**Work request**
Give back the full listing as written. No pictures go with it.

**Data shown**
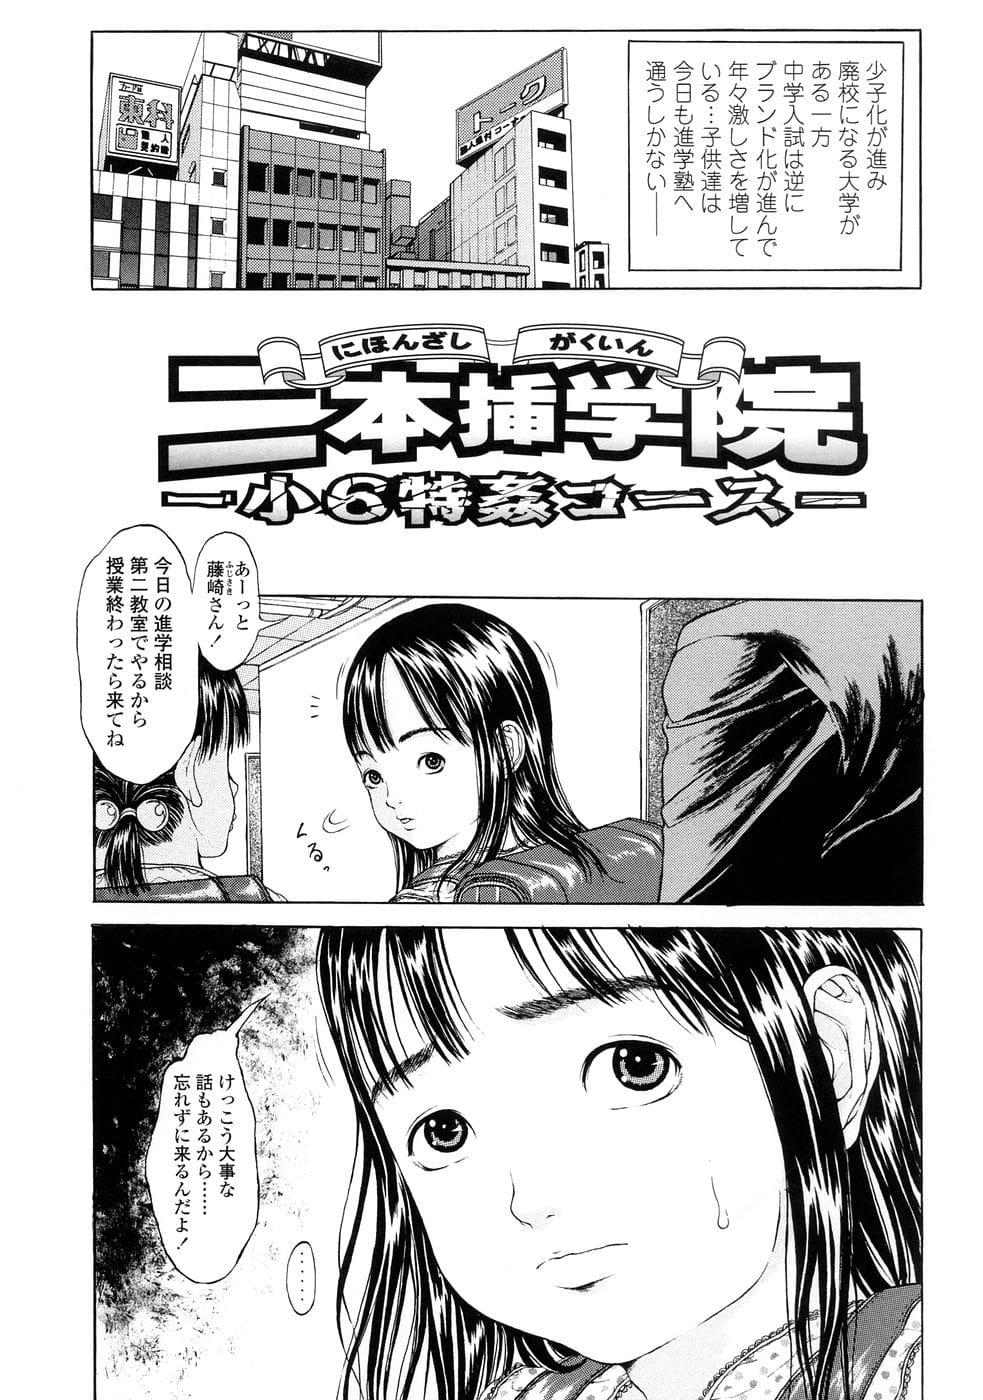 単行本エロ漫画第4話名門中学への入学を餌に教え子の小6少女を輪姦
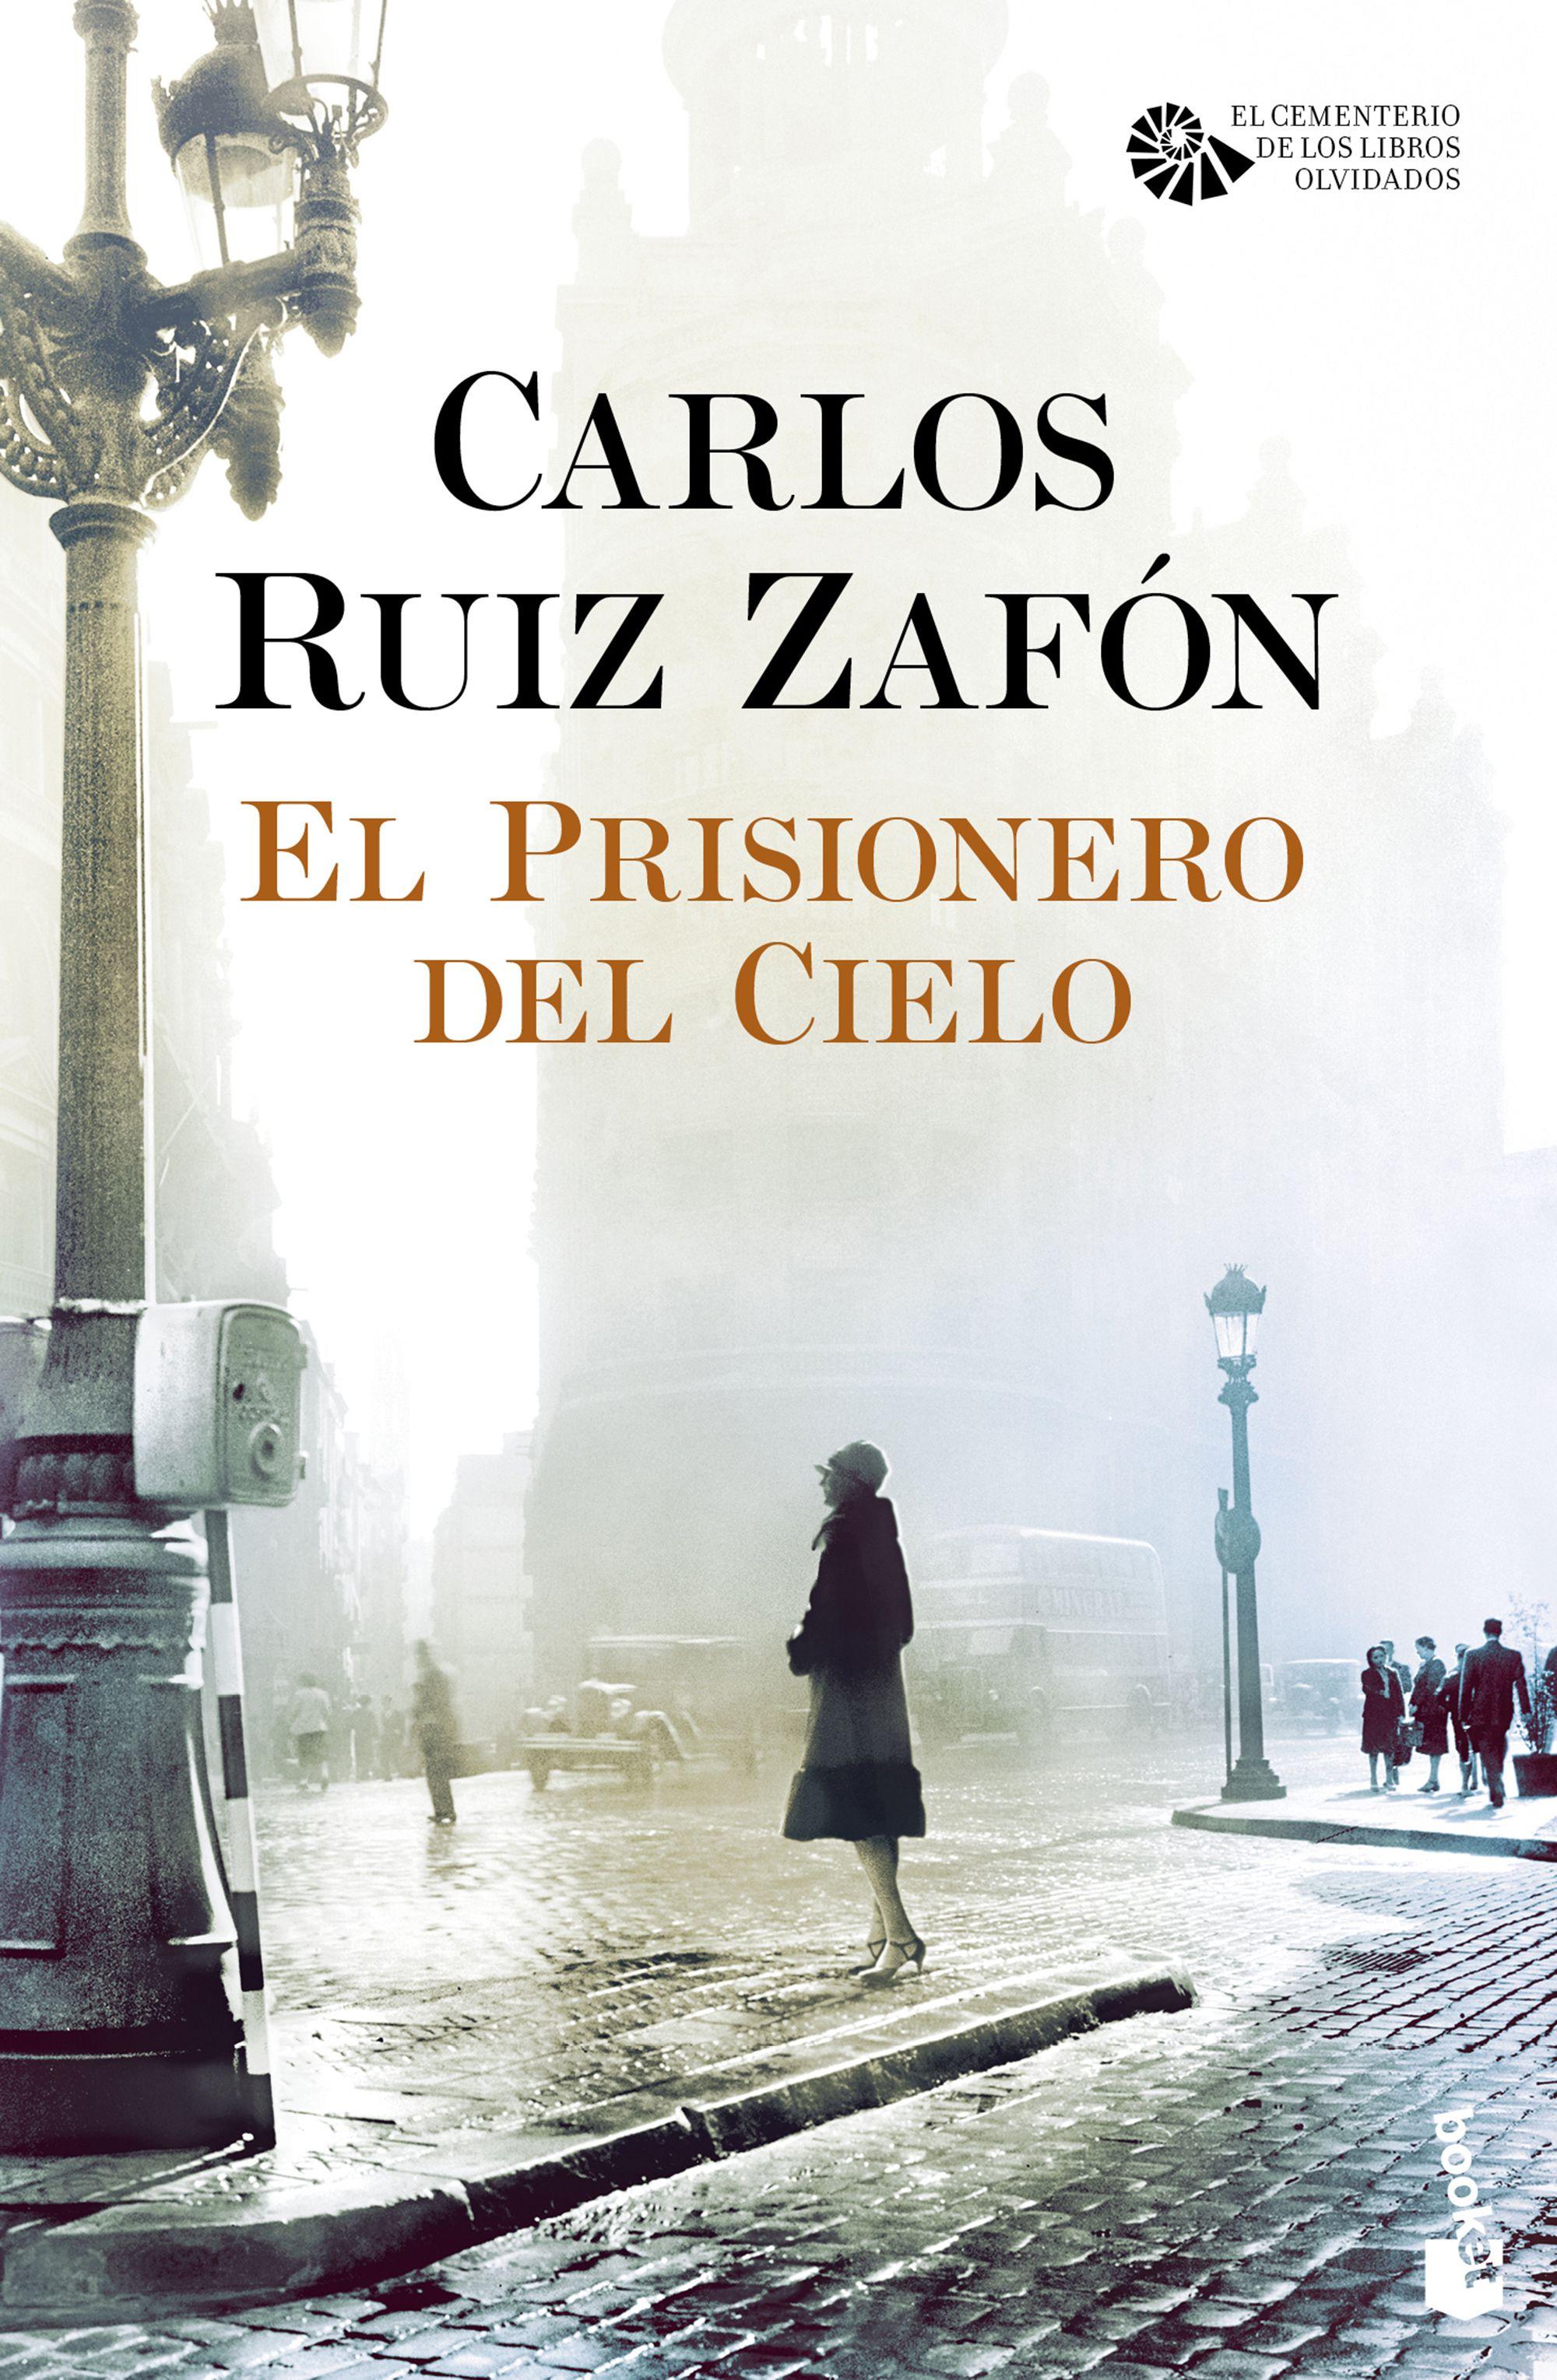 Carlos Ruiz Zafon Cuarto Libro | Carlos Ruiz Zafón El Escritor ...
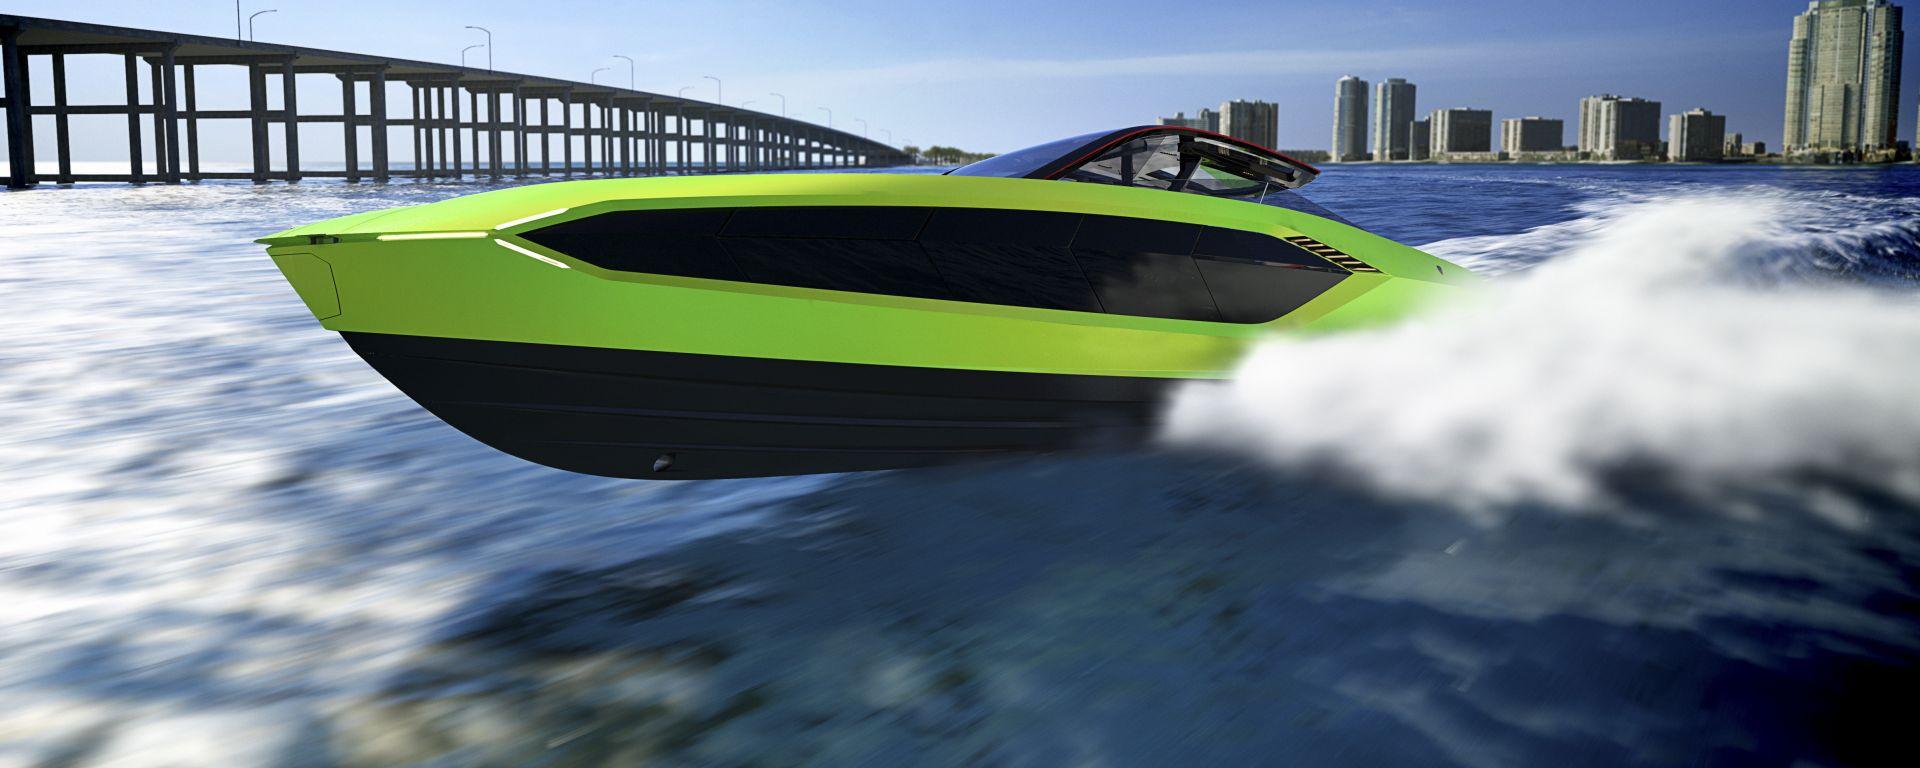 Tecnomar for Lamborghini 63: come una Lamborghini Sian...acquatica

**Solution below**
 単行本エロ漫画第4話名門中学への入学を餌に教え子の小6少女を輪姦
 Carlos Ruiz Zafon Cuarto Libro | Carlos Ruiz Zafón El Escritor ...
 Tecnomar for Lamborghini 63: come una Lamborghini Sian...acquatica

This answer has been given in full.